* **Collected material**:
┄┄┄┄┄┄

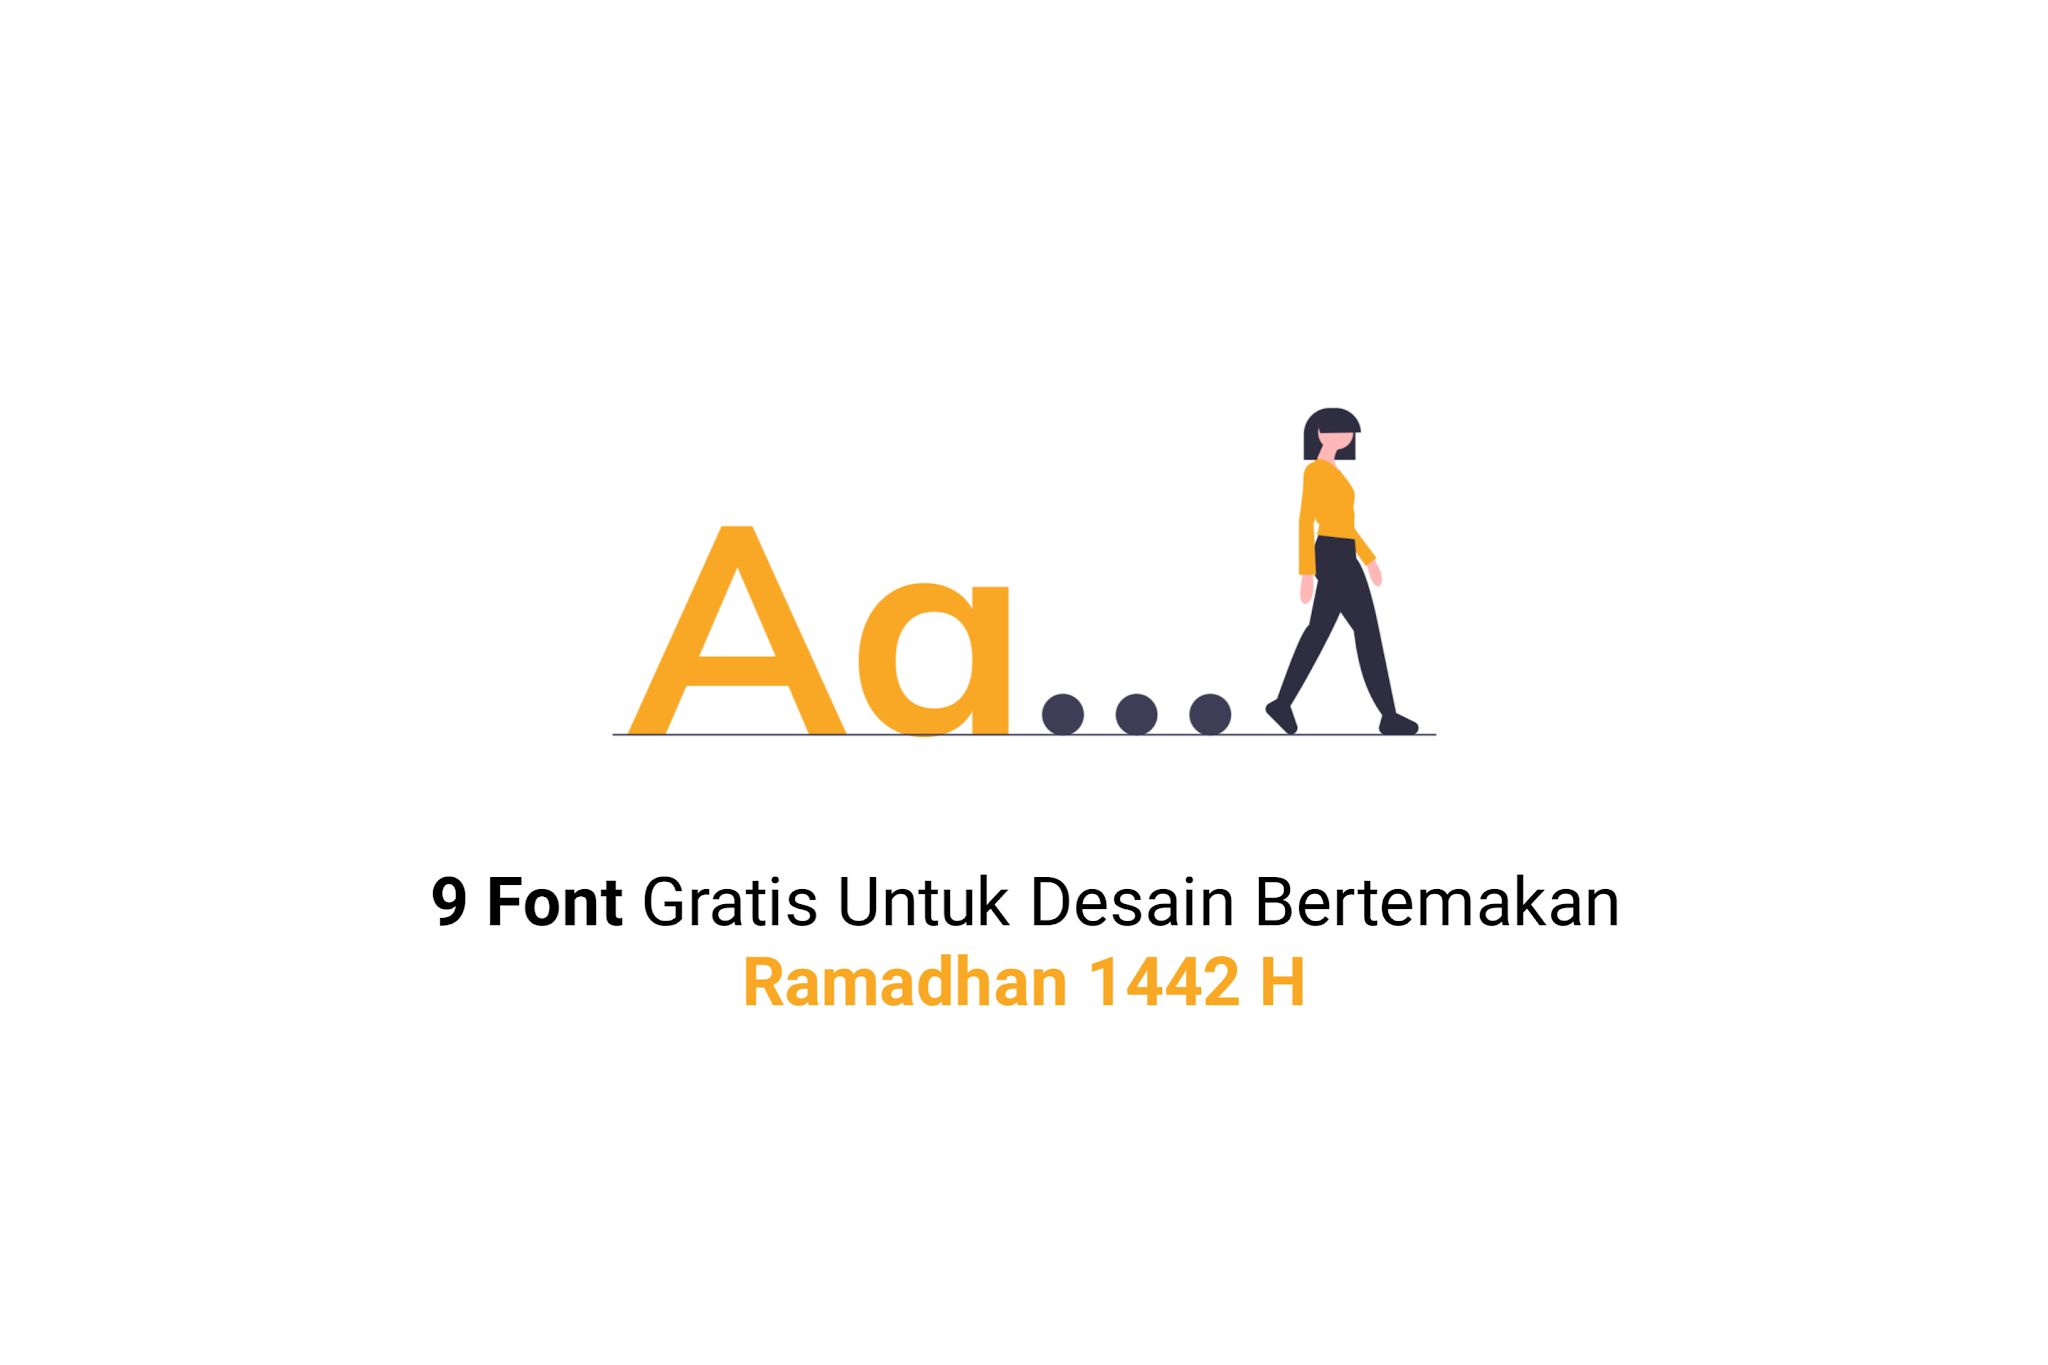 9 Font Gratis Untuk Desain Bertemakan Ramadhan 1442 H
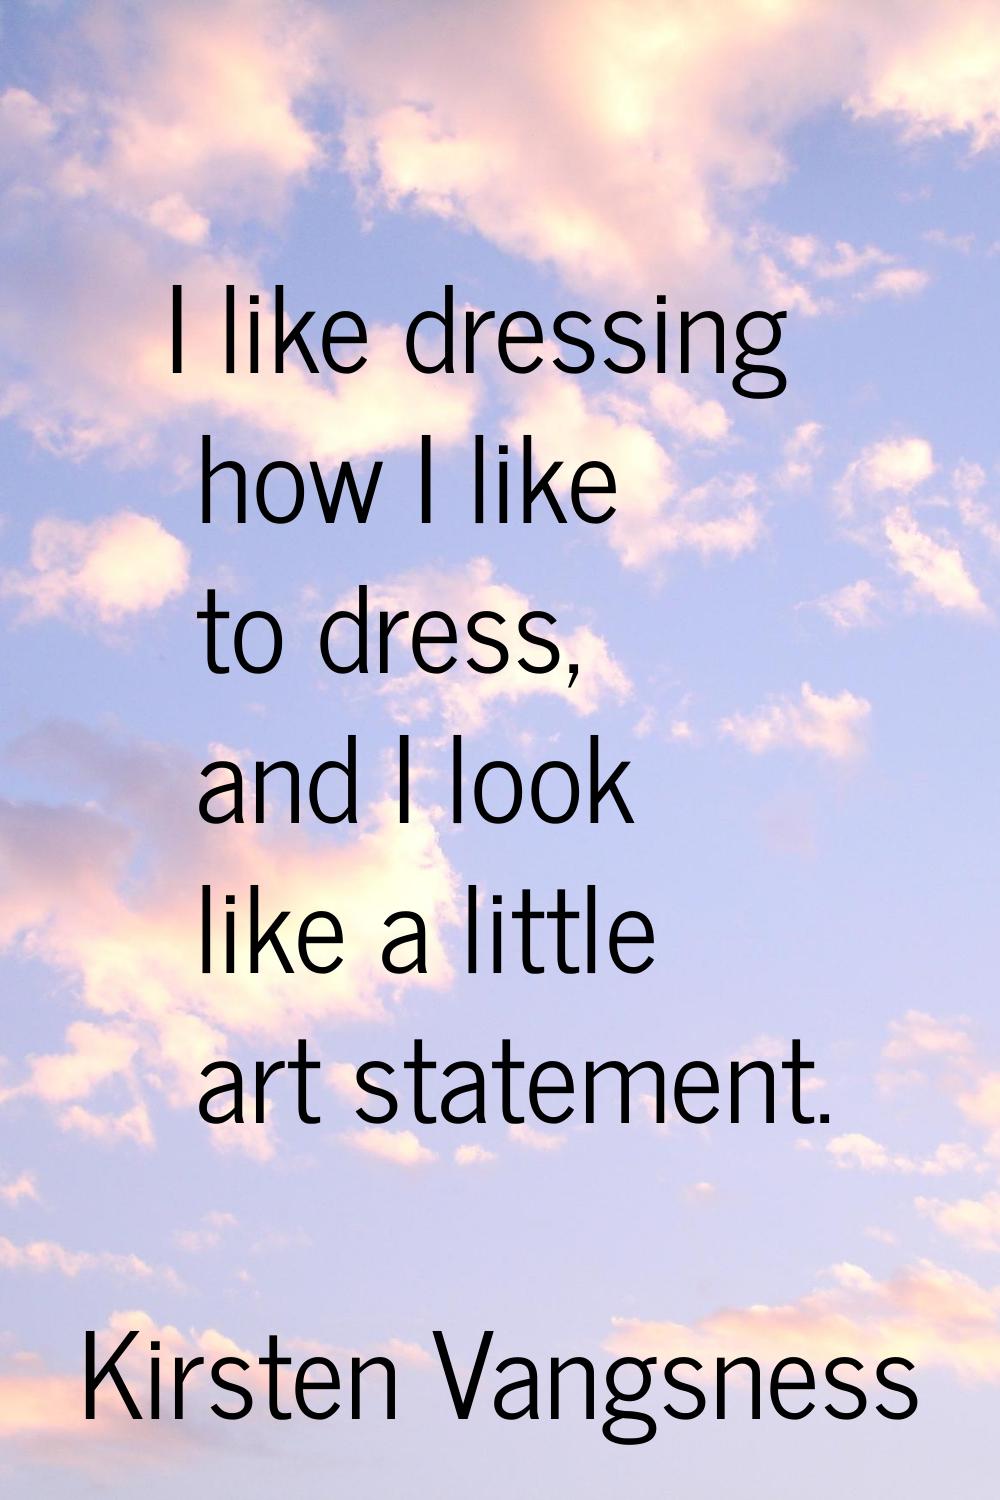 I like dressing how I like to dress, and I look like a little art statement.
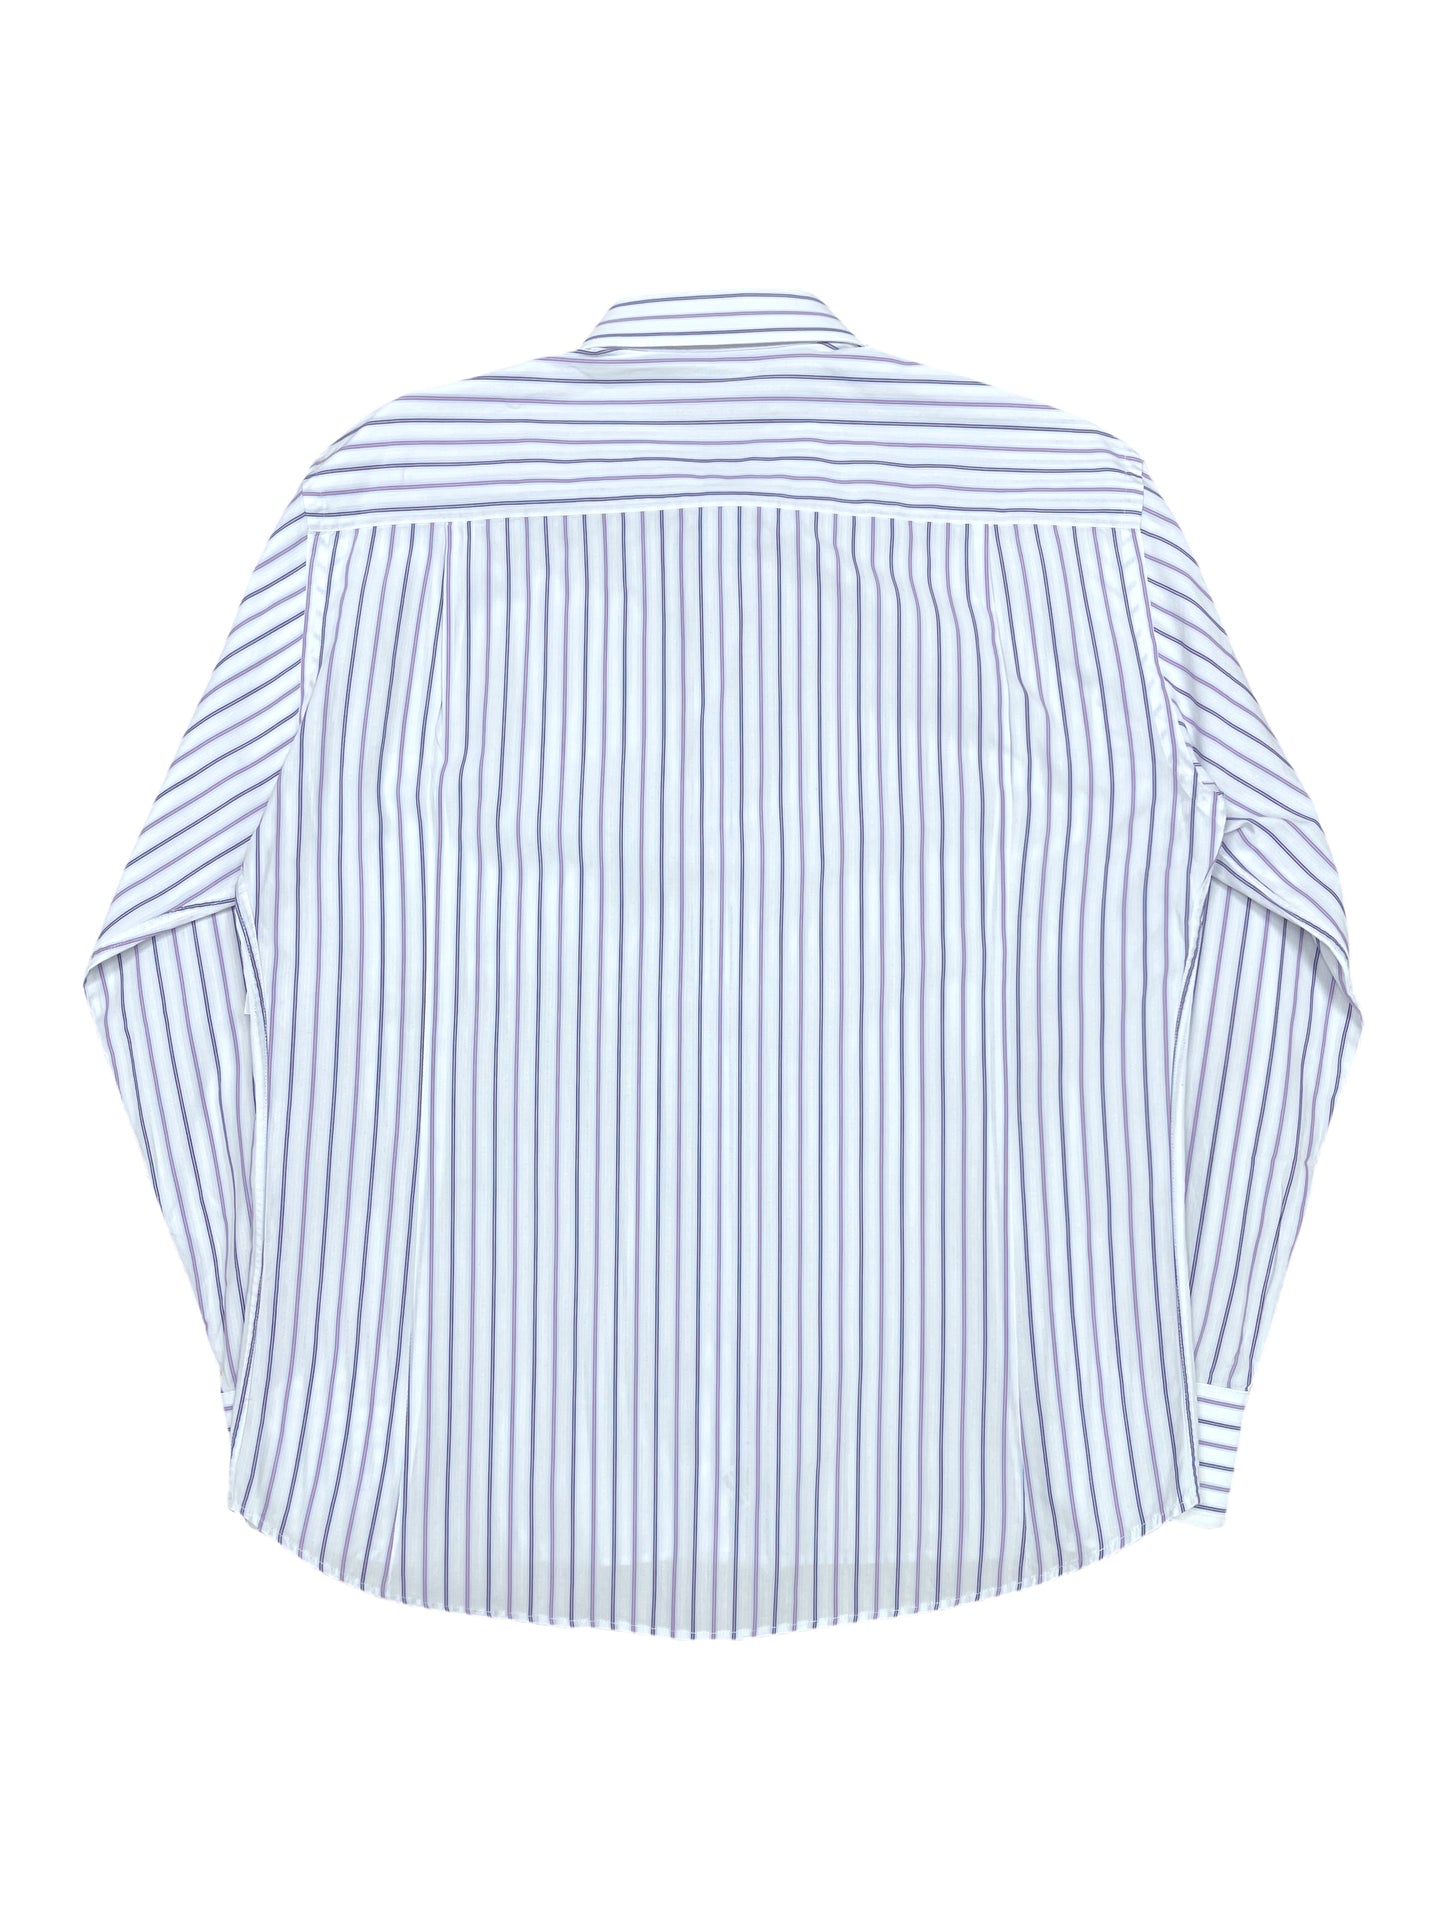 Canali White Striped Dress Shirt 17 - XL

┄┄┄┄┄┄

* **What needs to be done**:
Word for word, restate the whole listing and drop the images.

* **Your solution**:
 9 Font Gratis Untuk Desain Bertemakan Ramadhan 1442 H
 I like dressing how I like to dress, and I look like a little art statement.
 Canali White Striped Dress Shirt 17 - XL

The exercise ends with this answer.